> Directions: Reproduce the listing below in full and exactly; no pictures belong in the copy.

> Available data:
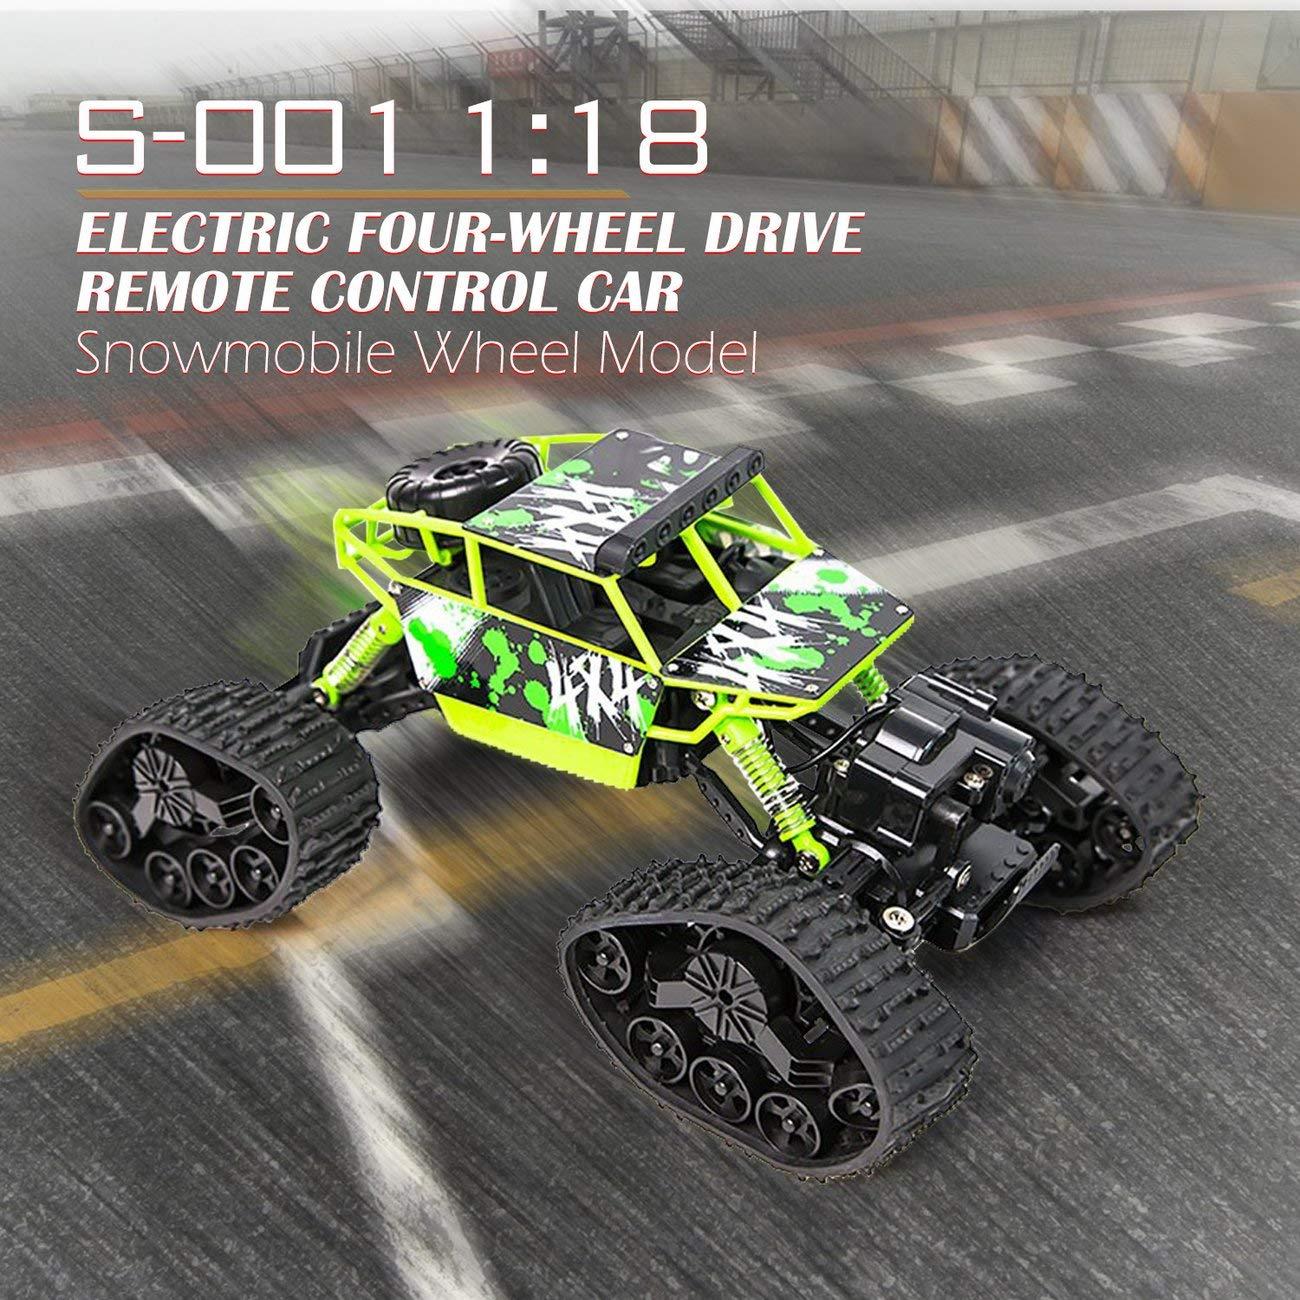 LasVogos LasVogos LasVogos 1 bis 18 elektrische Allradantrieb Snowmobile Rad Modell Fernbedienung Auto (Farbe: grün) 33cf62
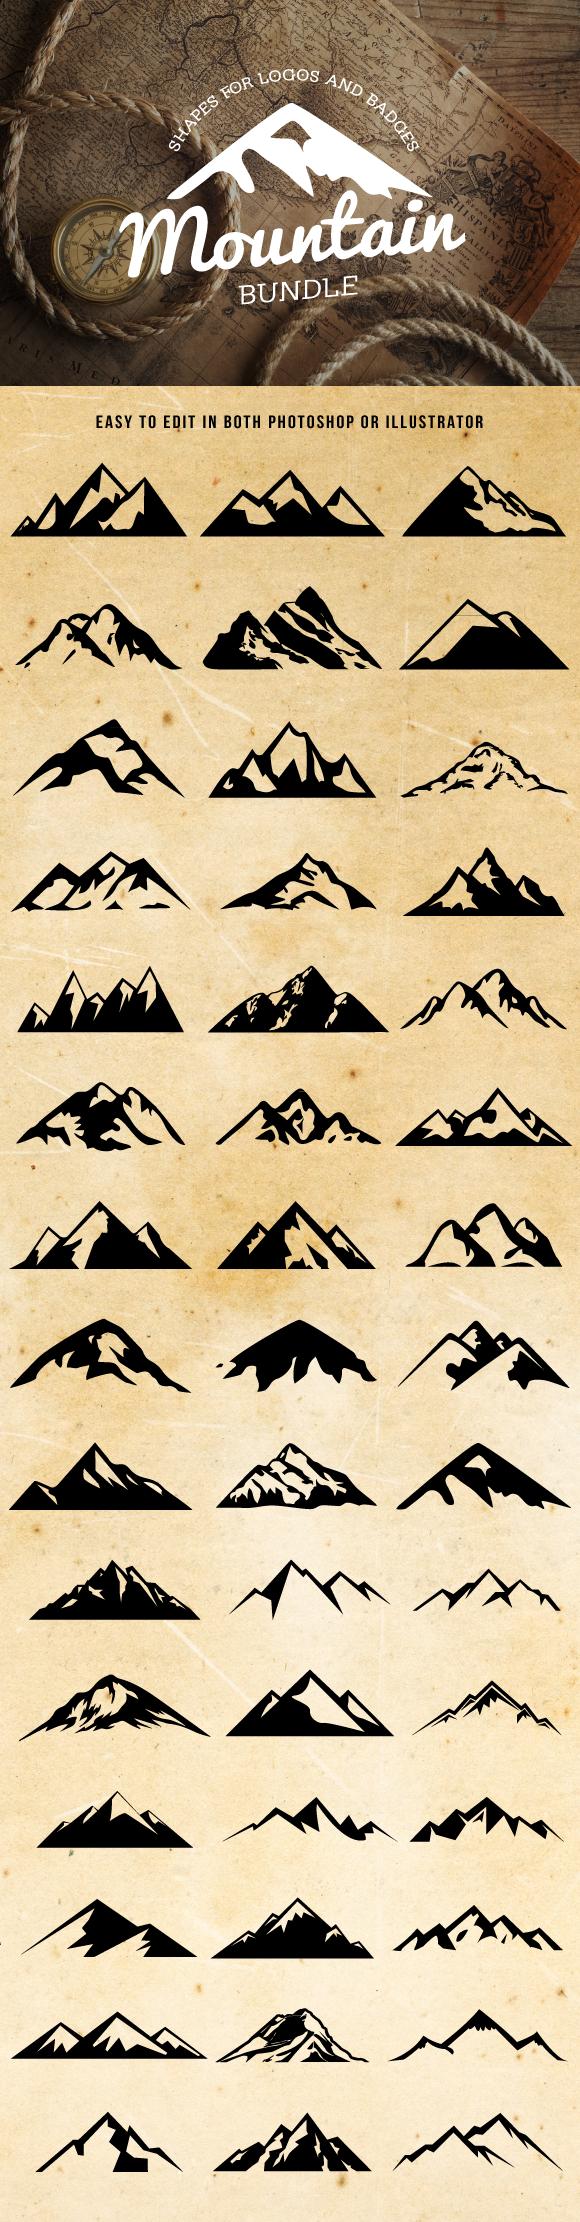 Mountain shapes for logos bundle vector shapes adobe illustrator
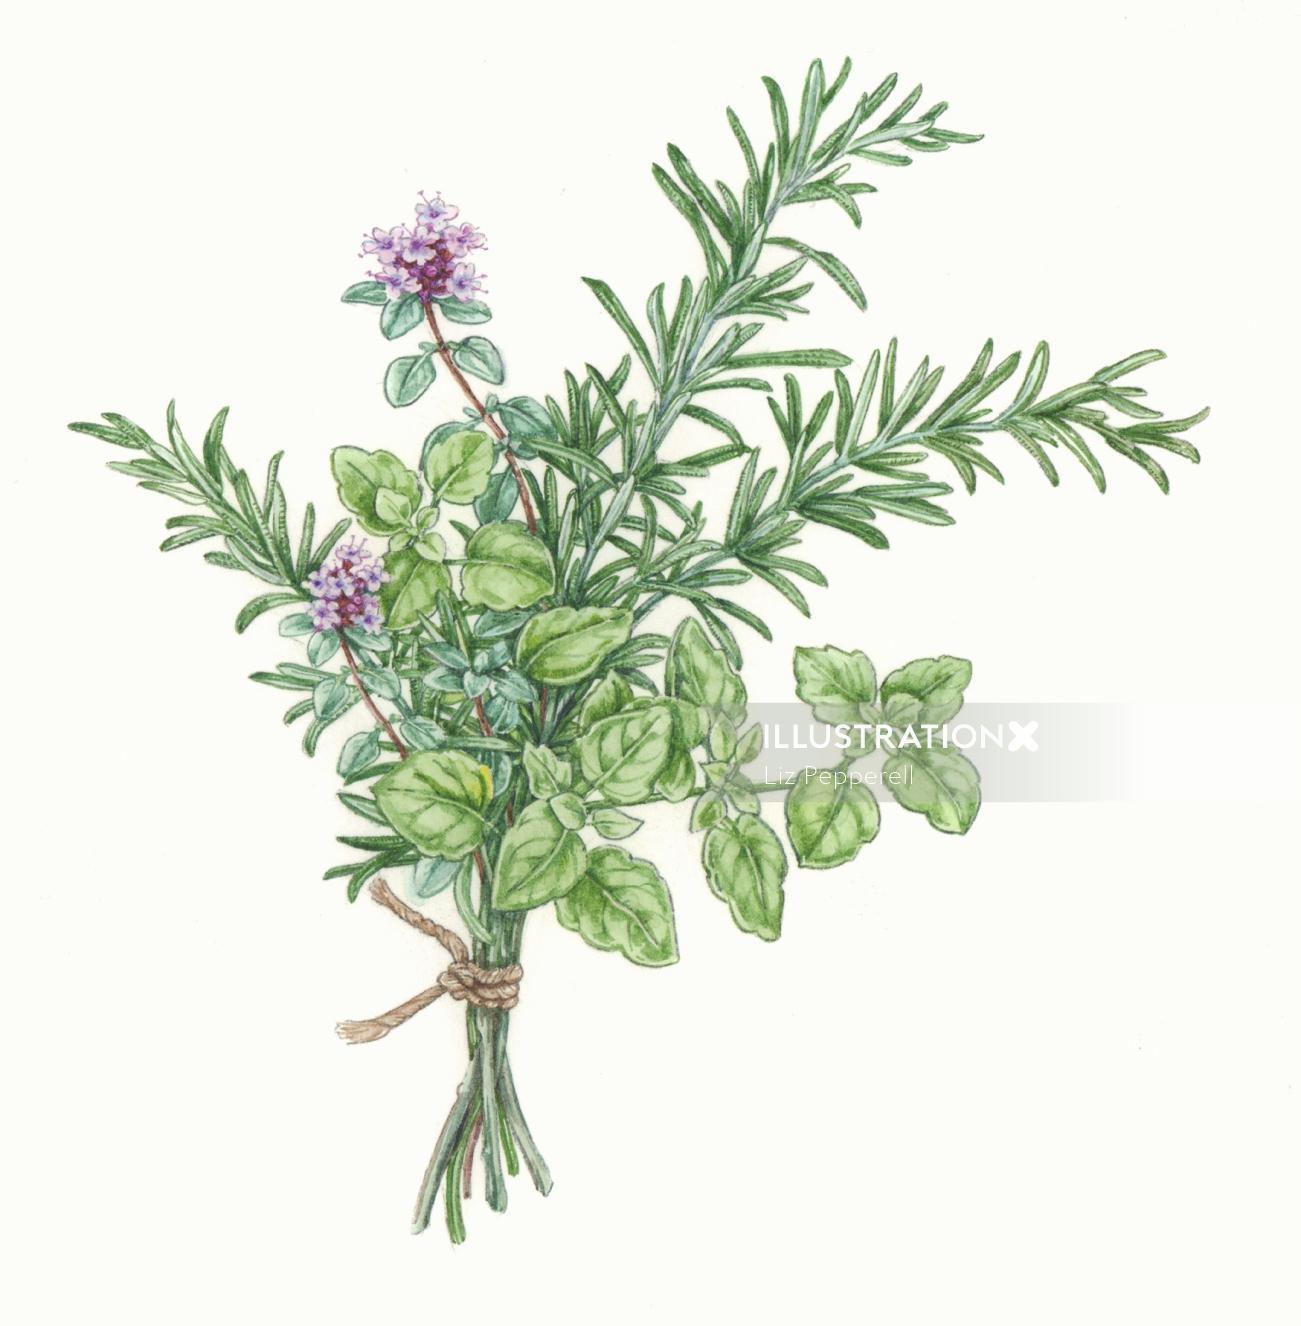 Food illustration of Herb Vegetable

> Answer:
 LasVogos LasVogos LasVogos 1 bis 18 elektrische Allradantrieb Snowmobile Rad Modell Fernbedienung Auto (Farbe: grün) 33cf62
 Mountain shapes for logos bundle vector shapes adobe illustrator
 Food illustration of Herb Vegetable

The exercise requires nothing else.